Democratic Progressive Party Legislator Fan Yun (范雲) and civic groups on Wednesday called on the Ministry of Education (MOE) to take immediate action to prevent foreign students from being forced to work as cheap labor.
An article published on Monday in The Reporter, a Taipei-based online news outlet, said that 16 Ugandan students enrolled at Chung Chou University of Science and Technology (CCUT) in Changhua County in 2019 worked as factory interns for long hours and low pay.
The students could not refuse to work due to substantial tuition debts, the report said.
The students had been promised scholarships and courses taught in English, but CCUT failed to provide either, it said.

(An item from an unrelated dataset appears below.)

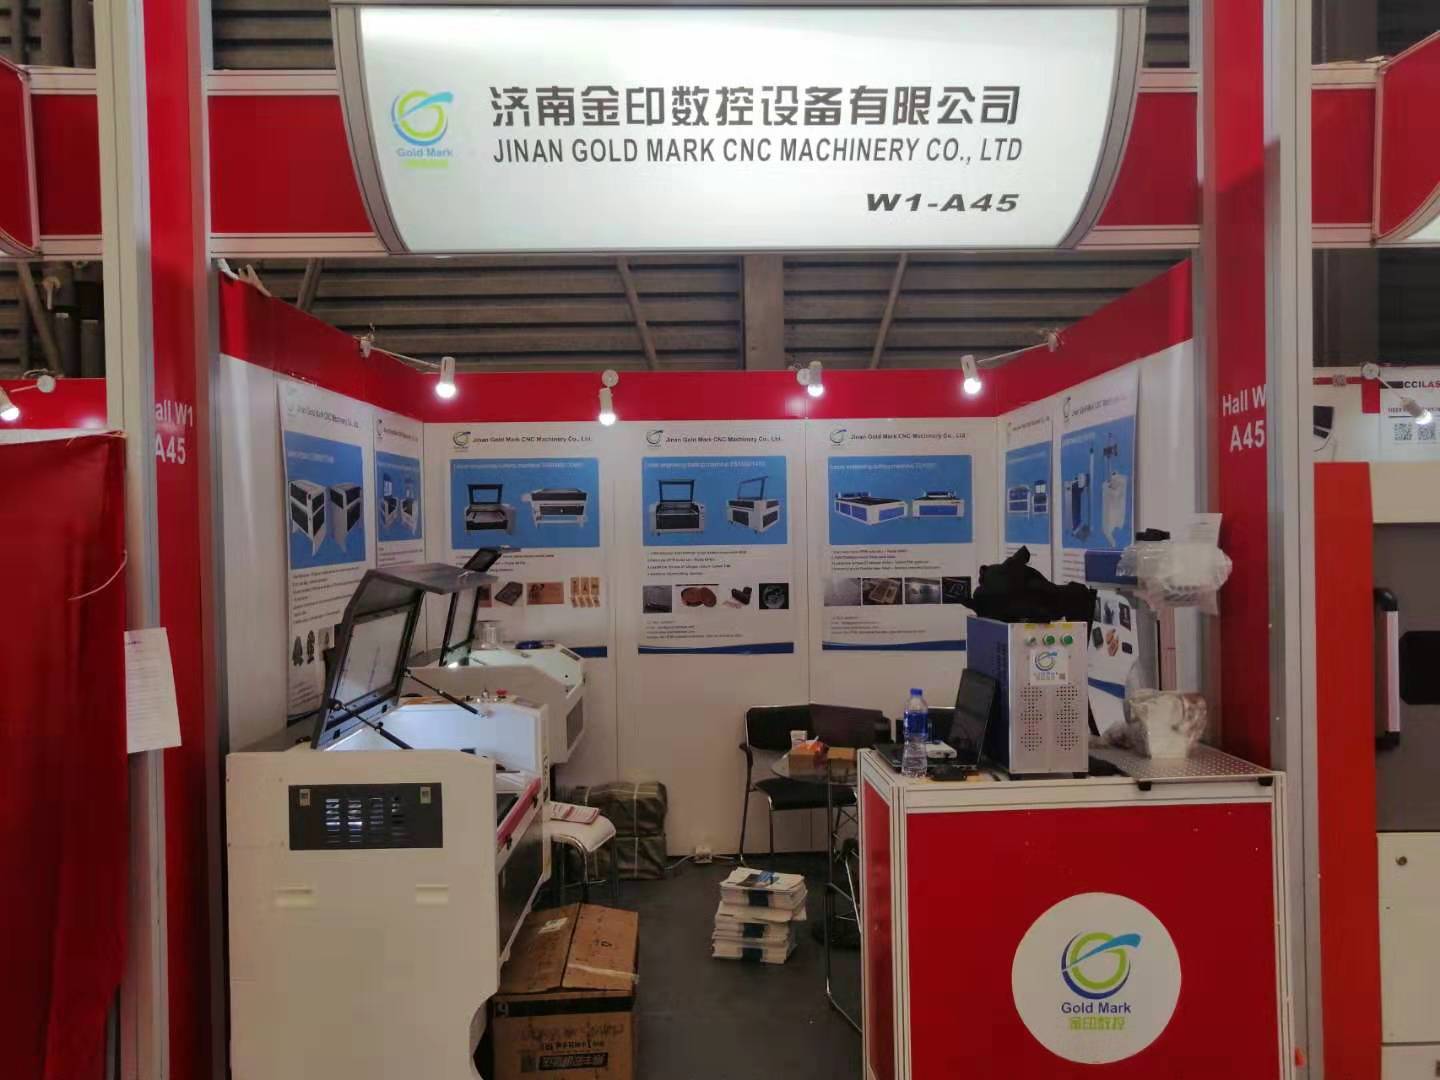 Jinan marque d'or CNC machine co., Ltd.with star products a dévoilé l'exposition de logos publicitaires SIGN CHINA 2019.

Fan told a news conference in Taipei that the students’ experiences were not unique, but that the ministry had done nothing to effectively prevent such exploitation.
Taiwan Association for Human Rights secretary-general Shih Yi-hsiang (施逸翔) said the Ugandans’ case constituted human trafficking because of the forced labor.
Collines Mugisha, one of the Ugandan students, said he used to work more than 10 hours per day until he transferred to Providence University in Taichung last year.
Mugisha, who had hoped to study smart automation, said that he worked as a computer numerical control machine operator, a construction site worker and in logistics during his two years at CCUT.
Fan called on the ministry to launch an investigation, saying that it should offer immediate assistance to the Ugandan students still enrolled at CCUT.
The ministry should evaluate more carefully universities that want to recruit foreign students, and ensure that the schools can provide international students with suitable courses, as well as internship opportunities in line with the students’ area of study, she said.
The ministry said in a statement on Wednesday that a preliminary investigation showed that CCUT had committed “serious violations,” but failed to outline assistance it might provide the students.
In a separate statement, it said that it would report to prosecutors any university or employer suspected of trafficking foreign students or practicing forced labor.
The ministry has forbidden CCUT from recruiting foreign students and would cut the university’s subsidies, the statement said.
On Monday, a CCUT representative said that the university never promised to provide courses taught in English, adding that the school had set up scholarships, but it was possible that the foreign students did not apply for them or their applications were rejected.
The university declined to comment on reports that the Ugandan students were sent to factories to work long hours.